## Your instructions
Restate all data exactly. No images.

## Provided data
★ ★ ★ ★ ★

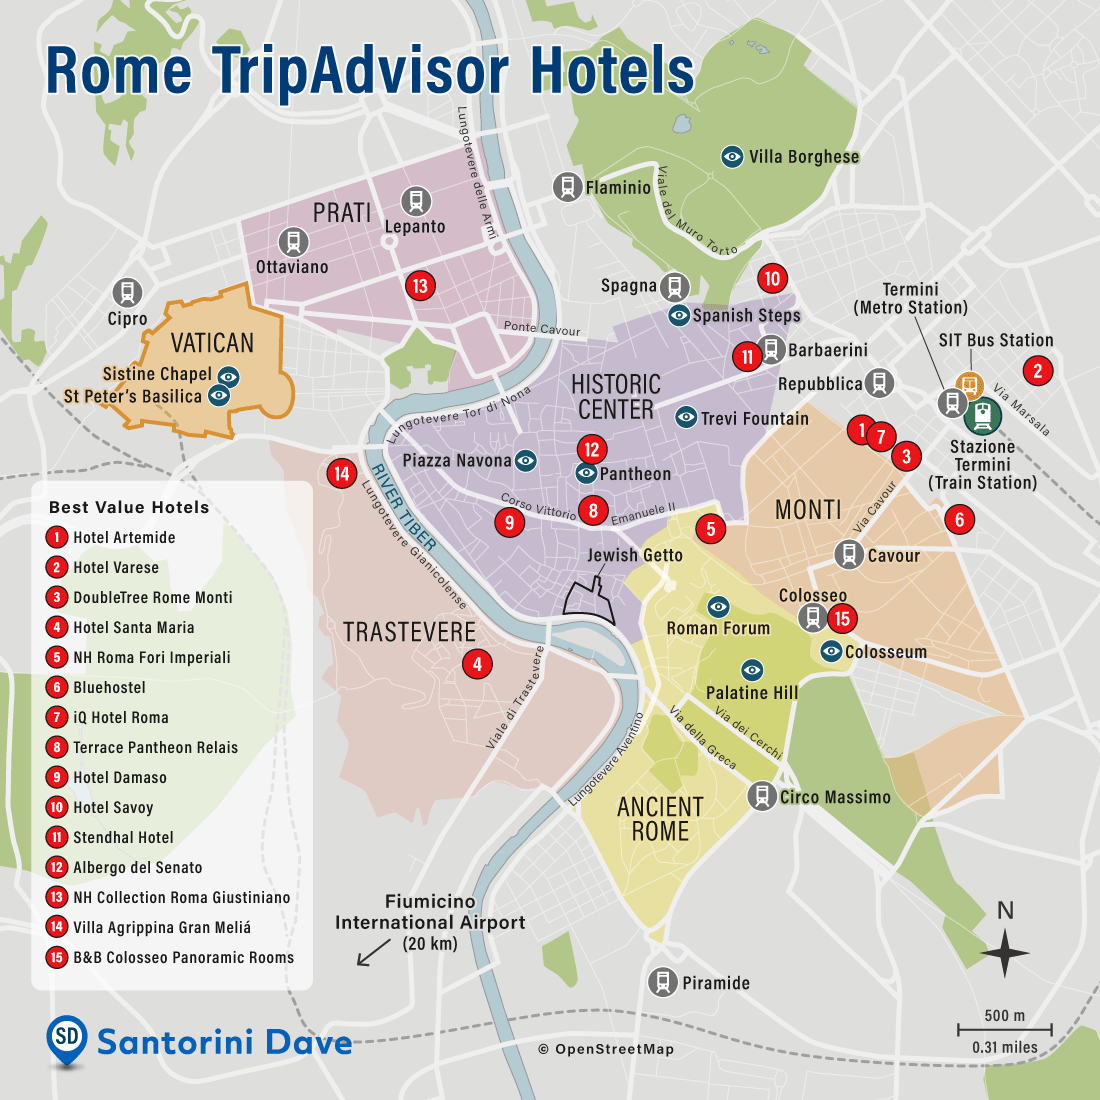 Rome TripAdvisor Hotels
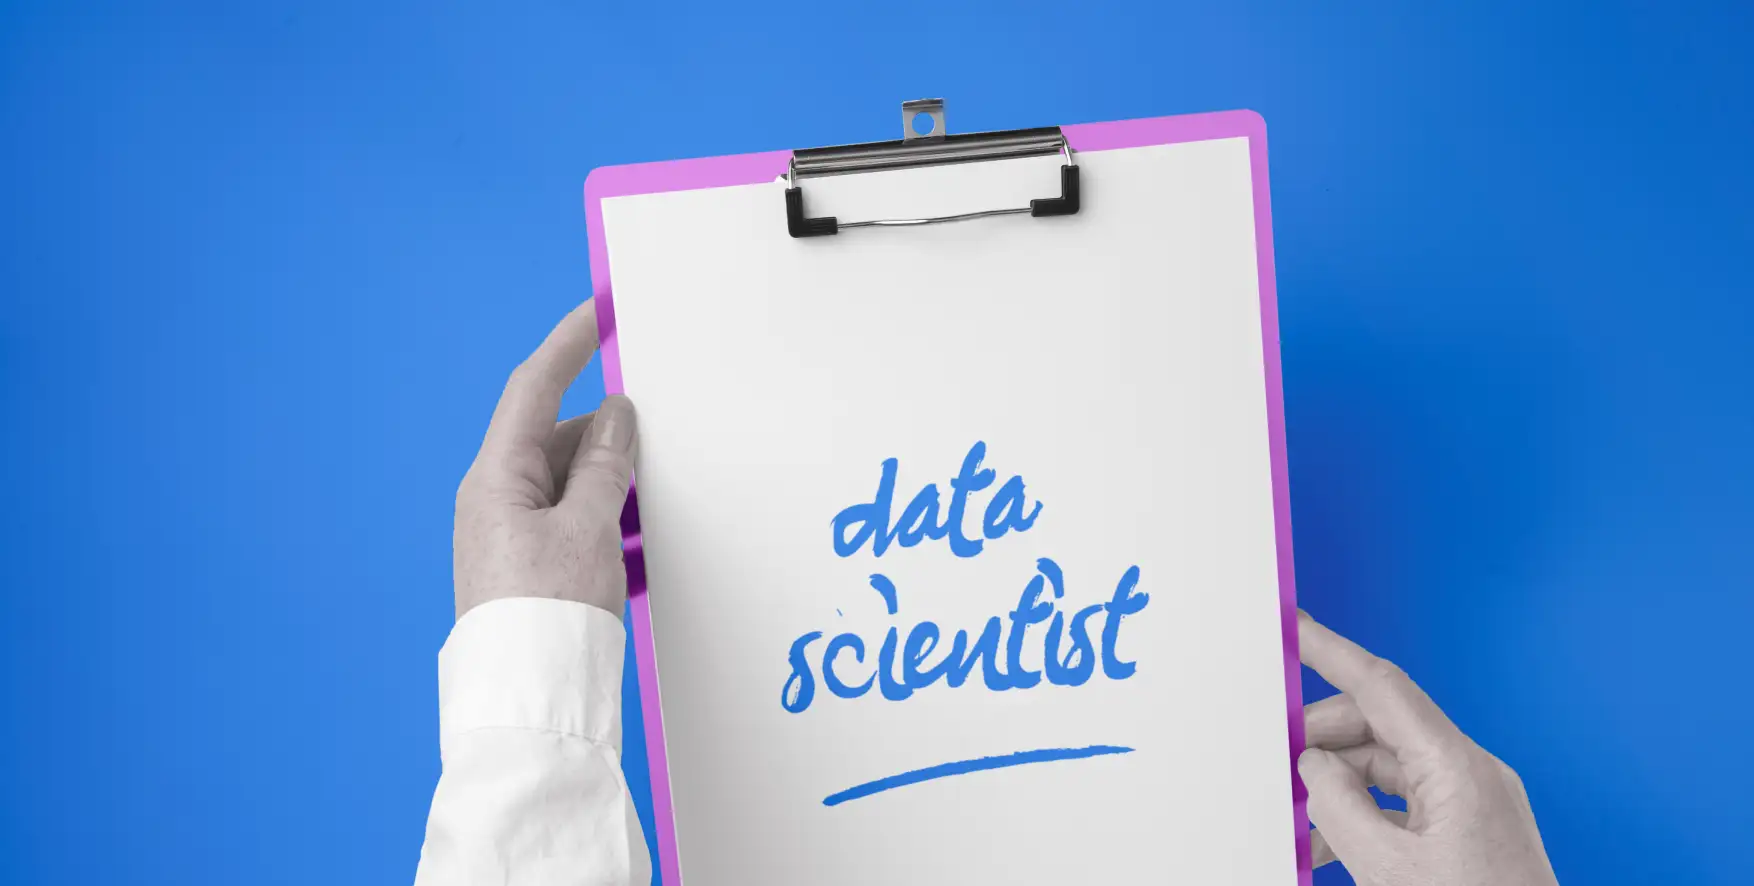 data scientist written on a piece of paper in a clipboard
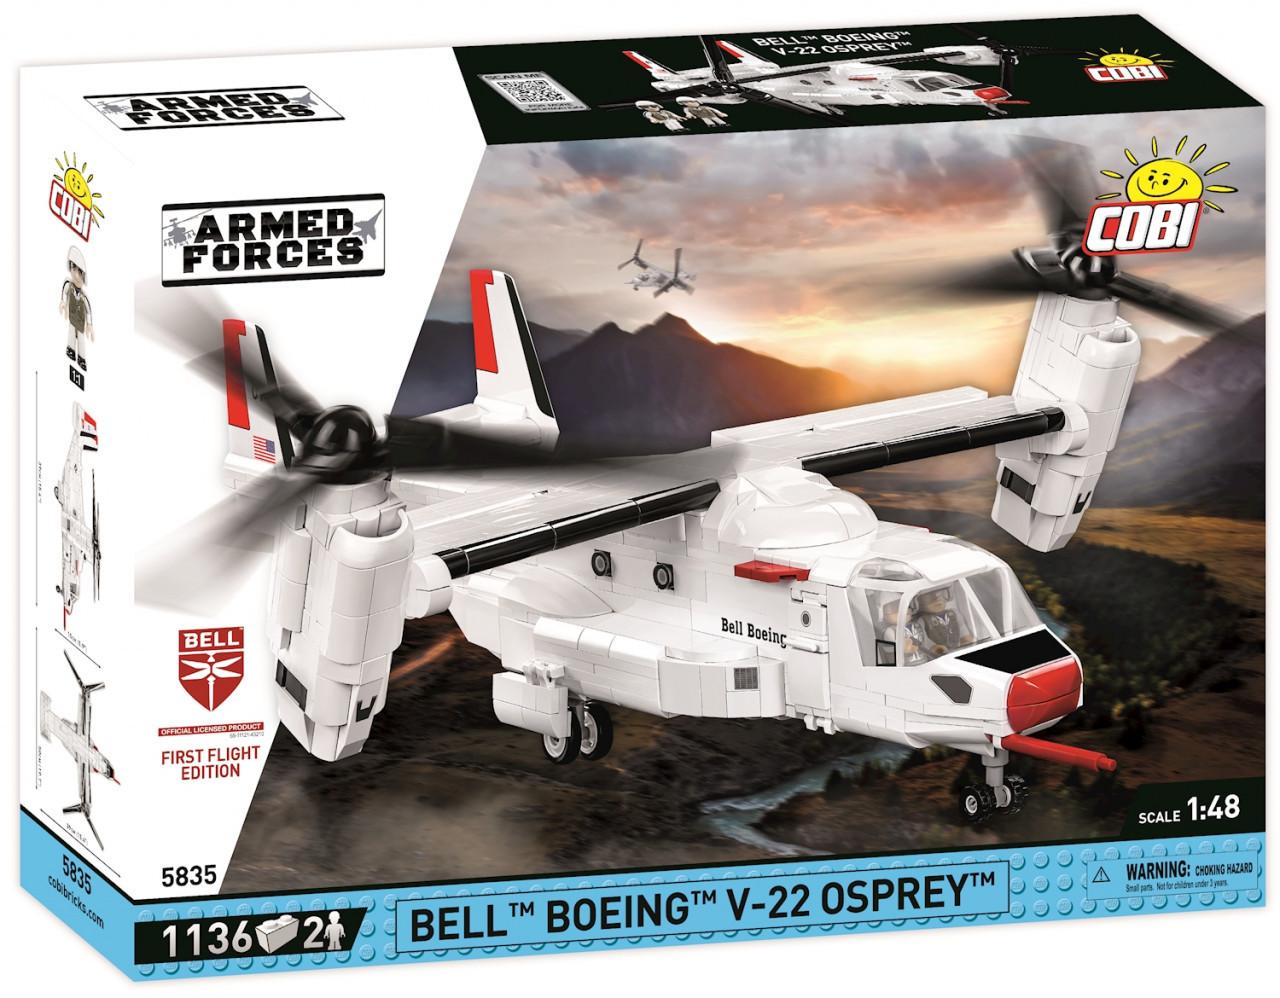 Cobi  Armed Forces Bell-Boeing V-22 Osprey First Flight Edition (5835)

★ ★ ★ ★ ★

## Exercise answer
 Rome TripAdvisor Hotels
 data scientist written on a piece of paper in a clipboard
 Cobi  Armed Forces Bell-Boeing V-22 Osprey First Flight Edition (5835)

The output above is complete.